This randomized phase II trial studies how well olaparib with or without cediranib works in treating patients with castration-resistant prostate cancer that has spread to other places in the body (metastatic). PARPs are proteins that help repair DNA mutations. PARP inhibitors, such as olaparib, can keep PARP from working, so tumor cells can't repair themselves, and they may stop growing. Cediranib may stop the growth of tumor cells by blocking some of the enzymes needed for cell growth. Giving olaparib and cediranib may help treat patients with castration-resistant prostate cancer.

Detailed Description

      PRIMARY OBJECTIVE:

      I. To assess the clinical activity of the combination of cediranib and olaparib, as measured
      by radiographic progression free survival (rPFS), as compared to olaparib monotherapy in
      patients with metastatic castration resistant prostate cancer (mCRPC).

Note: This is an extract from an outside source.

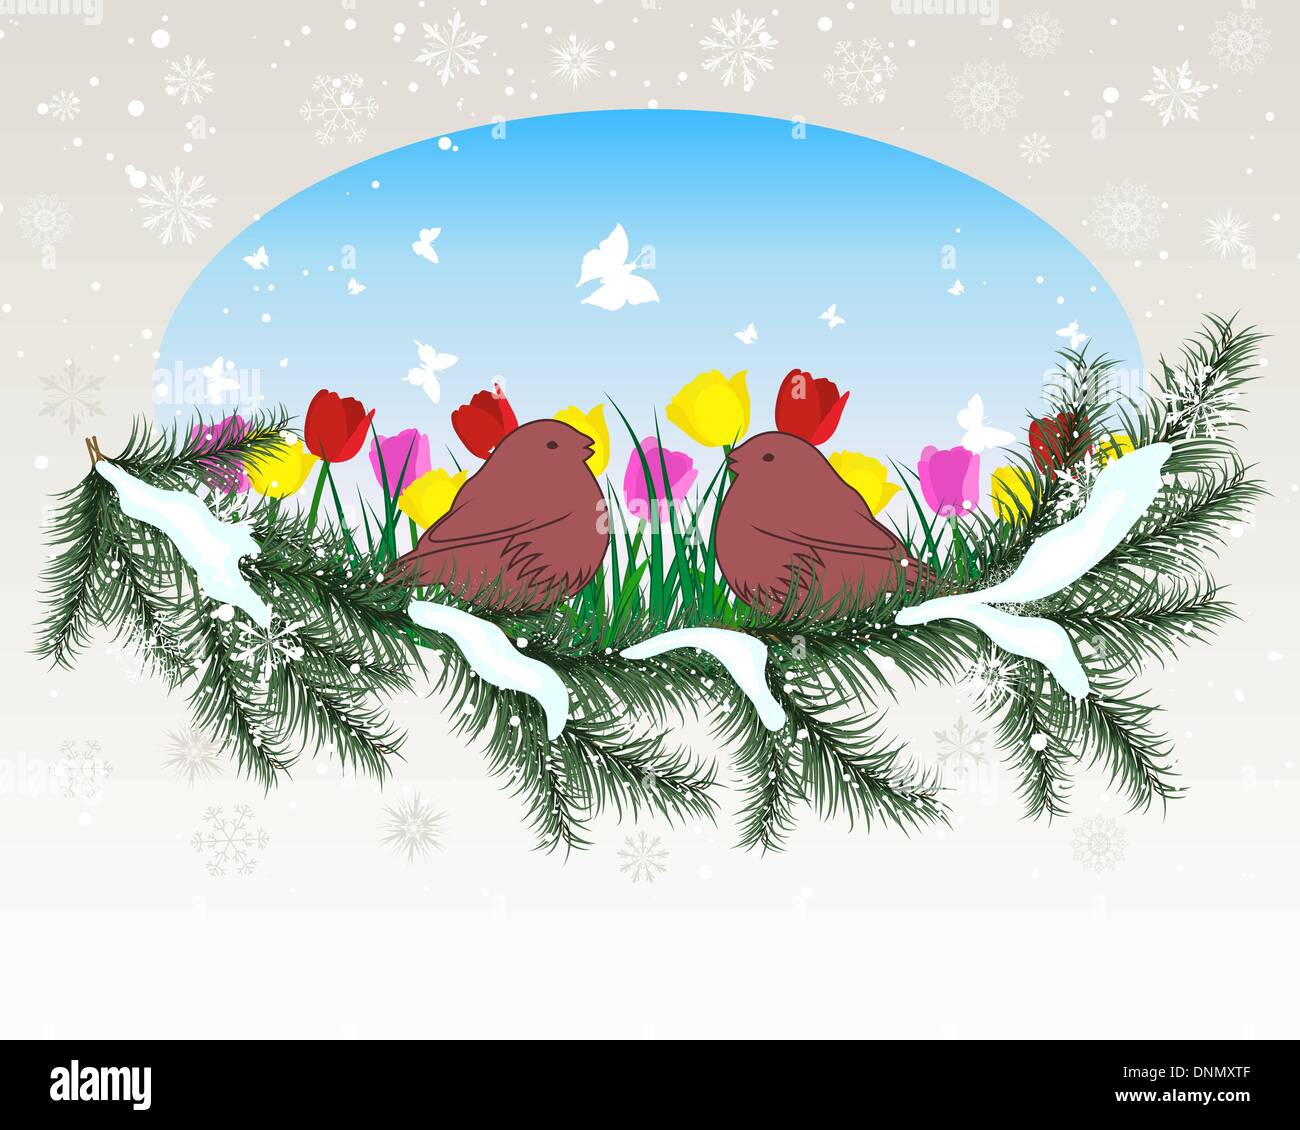 Winter Hintergrund mit ovalen Fenster und Grass Silhouetten-Hintergrund. Alle Objekte werden getrennt. Stock Vektor

      SECONDARY OBJECTIVES:

      I. To assess the clinical activity of the combination of cediranib and olaparib, as measured
      by prostate-specific antigen (PSA) response rate, radiographic response rate by Response
      Evaluation Criteria in Solid Tumors (RECIST) version (v)1.1, and overall survival (OS), as
      compared to olaparib monotherapy in patients with mCRPC.

      II. To evaluate association of homologous recombination deoxyribonucleic acid (DNA) repair
      deficiency (HRD) with the clinical activity of the combination of cediranib and olaparib or
      olaparib monotherapy, as measured by rPFS, in mCRPC patients.

      III. To evaluate the safety the combination of cediranib and olaparib and olaparib
      monotherapy in patients with metastatic prostate cancer.

      EXPLORATORY OBJECTIVES:

      I. To characterize genomic alterations by whole exome sequencing in mCRPC patients and
      correlate that with clinical activity or resistance to olaparib with or without cediranib.

      II. To characterize changes in ribonucleic acid (RNA) expression of DNA repair genes,
      angiogenesis markers, and immune markers, by whole transcriptome sequencing and correlate
      with clinical activity or resistance to olaparib with or without cediranib.

      III. To characterize changes in immune tumor microenvironment in mCRPC patients by profiling
      expression of co-stimulatory and co-inhibitory molecules and tumor infiltrating lymphocytes,
      and correlate with clinical activity or resistance to olaparib with or without cediranib.

      IV. To identify baseline predictive biomarkers for rPFS or response and to identify
      on-treatment markers of acquired resistance in men with mCRPC receiving either olaparib plus
      cediranib or olaparib alone.

      V. To explore biomarker signatures that correlate with the clinical activity or resistance to
      olaparib with or without cediranib, including changes in gene expression or acquired
      mutations in tumor biopsies.

      OUTLINE: Patients are randomized to 1 of 2 arms.

      ARM A: Patients receive olaparib orally (PO) twice daily (BID) and cediranib PO once daily
      (QD) on days 1-28. Cycles repeat every 28 days in the absence of disease progression or
      unacceptable toxicity.

      ARM B: Patients receive olaparib PO BID on days 1-28. Cycles repeat every 28 days in the
      absence of disease progression or unacceptable toxicity.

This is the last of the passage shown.